JNS
Some 13,000 survivors have died since last year's Holocaust Martyrs' and Heroes' Remembrance Day in May 2024.
Approximately 120,000 of the Holocaust survivors who made the Jewish state their home after the 1941-1945 destruction of European Jewry remain alive as of this month, the Ministry of Welfare and Social Affairs revealed ahead of Israel's Holocaust Remembrance Day, which begins on Wednesday evening.
According to the Israeli government figures, around 10% of the country's Shoah survivors, or 13,000 people, have died since last year's Yom Hashoah, full name: Holocaust Martyrs' and Heroes' Remembrance Day in May 2024.
“In the past year, we have lost about 10% of Holocaust survivors in Israel," Minister of Welfare and Social Affairs Ya'akov Margi stated in remarks published by his office on Tuesday.
"This places a double responsibility on all of us: first, to intensify our efforts to provide the remaining survivors with a life of dignity and comprehensive emotional and social support; and second, to act decisively to document their stories, preserve their testimonies, and pass on their legacy to future generations," the minister added.

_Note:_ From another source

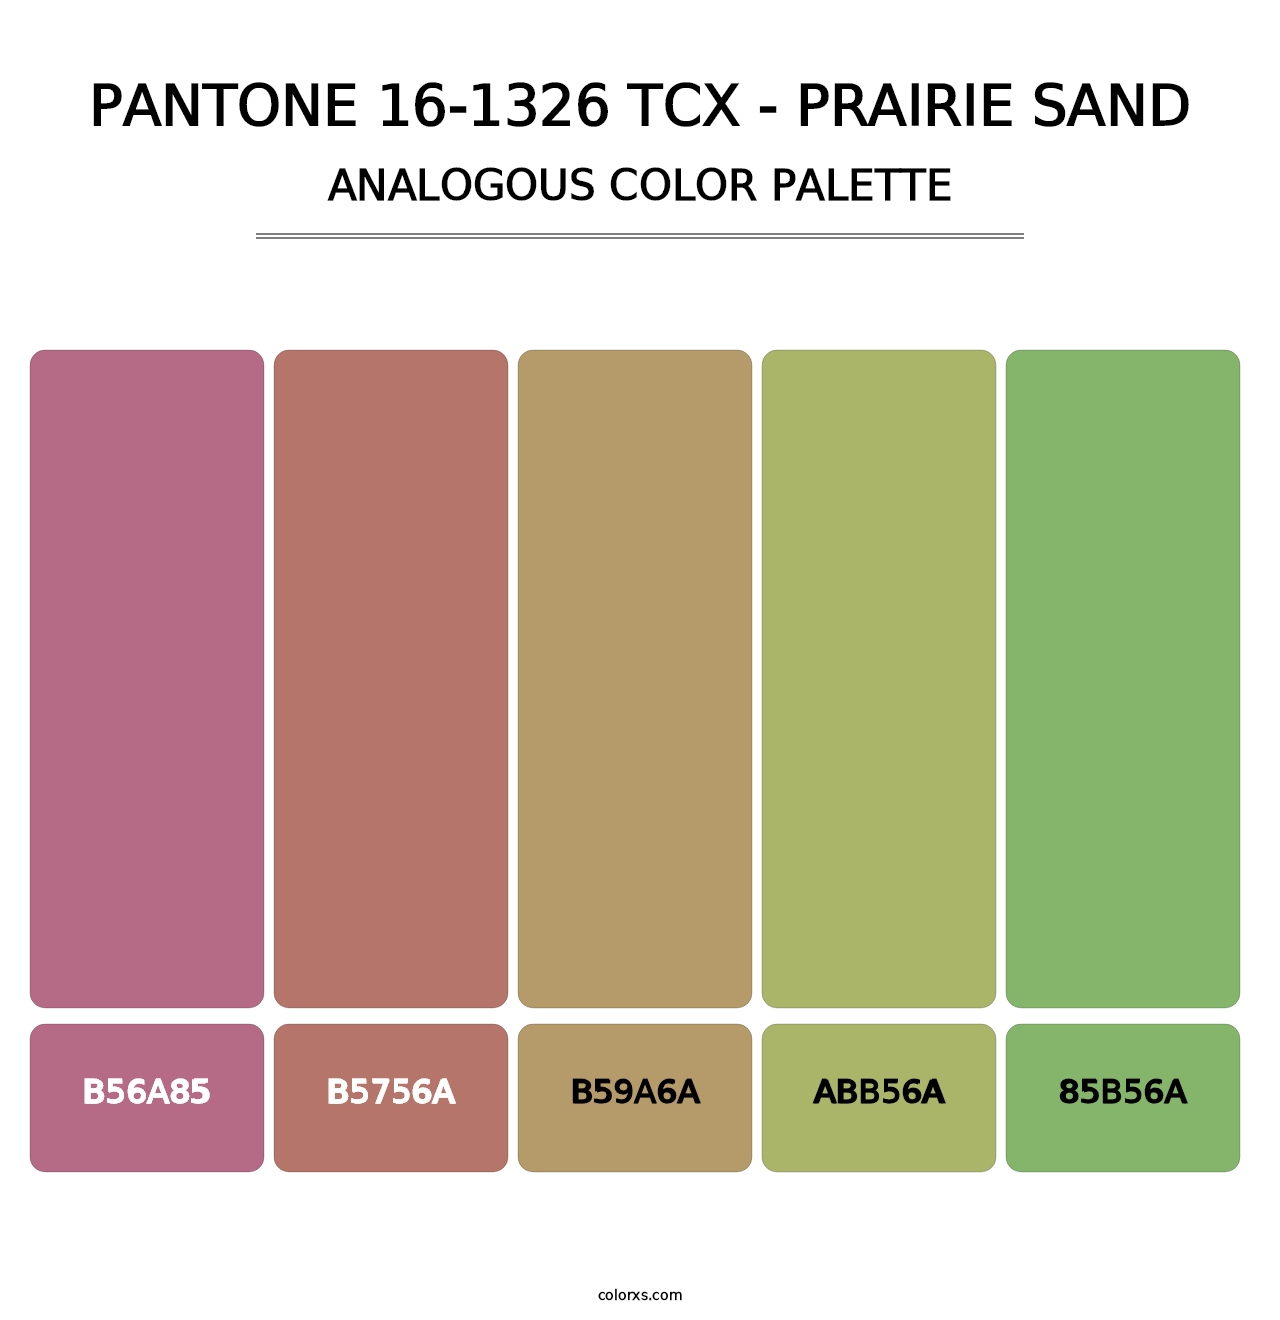 PANTONE 16-1326 TCX - Prairie Sand - Analogous Color Palette
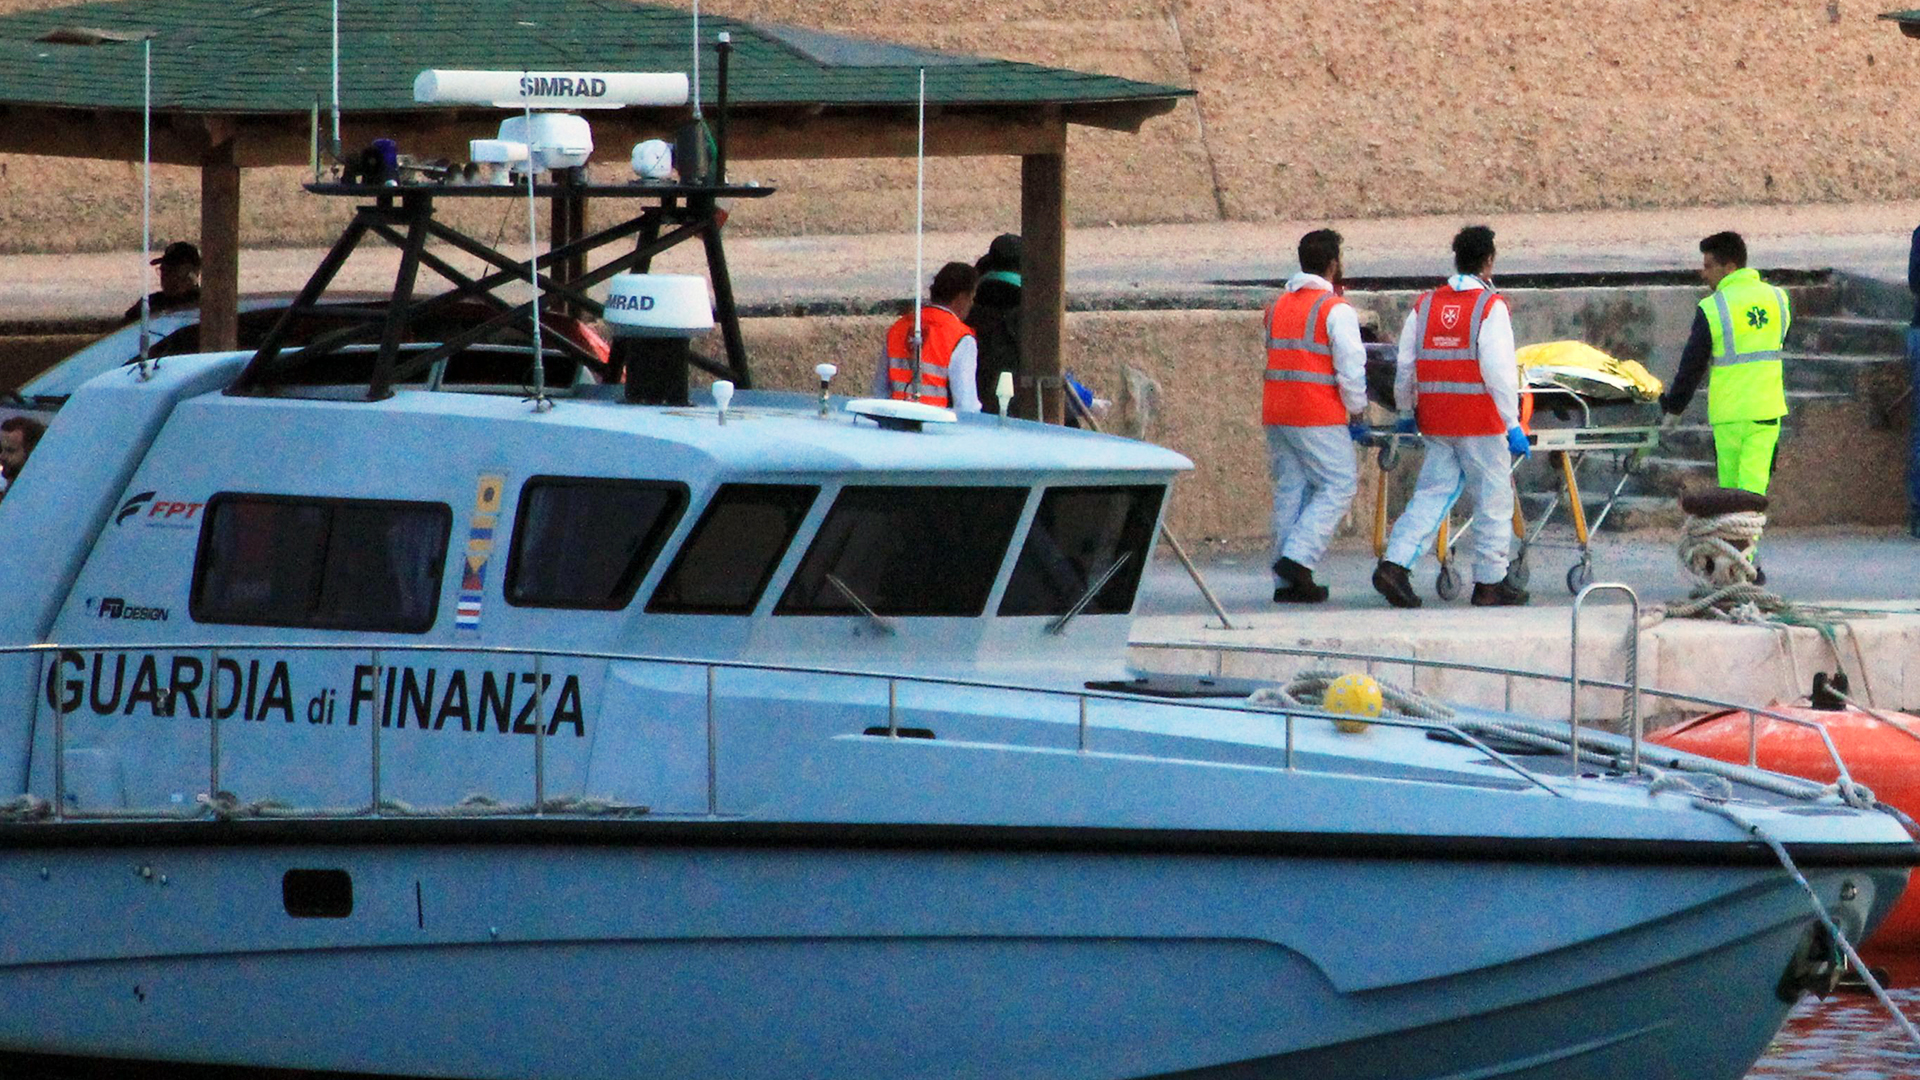 Eine Person wird von Sanitätern vom Boot der italienischen Finanzbehörde gebracht | Giuseppe Milana/EPA-EFE/REX

Approximately 32% of survivors living in the Jewish state receive some form of support from the Welfare and Social Affairs Ministry, he said. The ministry supports the development and expansion of services for survivors with an annual budget of 77 million shekels ($21 million).
The statement noted that some 2,500 Shoah survivors were impacted by the Oct. 7, 2023, Hamas-led massacre in southern Israel, including around 2,000 who had to be evacuated to safety from their homes.
As of Tuesday, 128 survivors are still displaced from their homes, most of them from northern communities that were attacked by Iranian-backed Hezbollah terrorists in the months following the massacre.
"During the war, close ties were formed between elderly citizens from different communities who were evacuated to the same hotels—many of them Holocaust survivors—and for them, the ministry established community and social services in the evacuated hotels," it stated.
"In order to preserve the communities that formed during the period of evacuation, the ministry recently opened 21 new centers to serve the new communities: 19 in the north and two in the south," it added.
Some 1,400 (0.6%) of the estimated 220,800 Holocaust survivors living in 90 countries today are centenarians, and half of the remaining survivors live in Israel, according to figures published by the Conference on Jewish Material Claims Against Germany on Tuesday.
The Claims Conference's report, titled "Vanishing Witnesses: An Urgent Analysis of the Declining Population of Holocaust Survivors," projects that just half of the Holocaust survivors alive worldwide today will remain in six years, with just 30%, or about 66,250, remaining in 2035. By 2040, just 22,080 survivors will remain, according to the Claims Conference.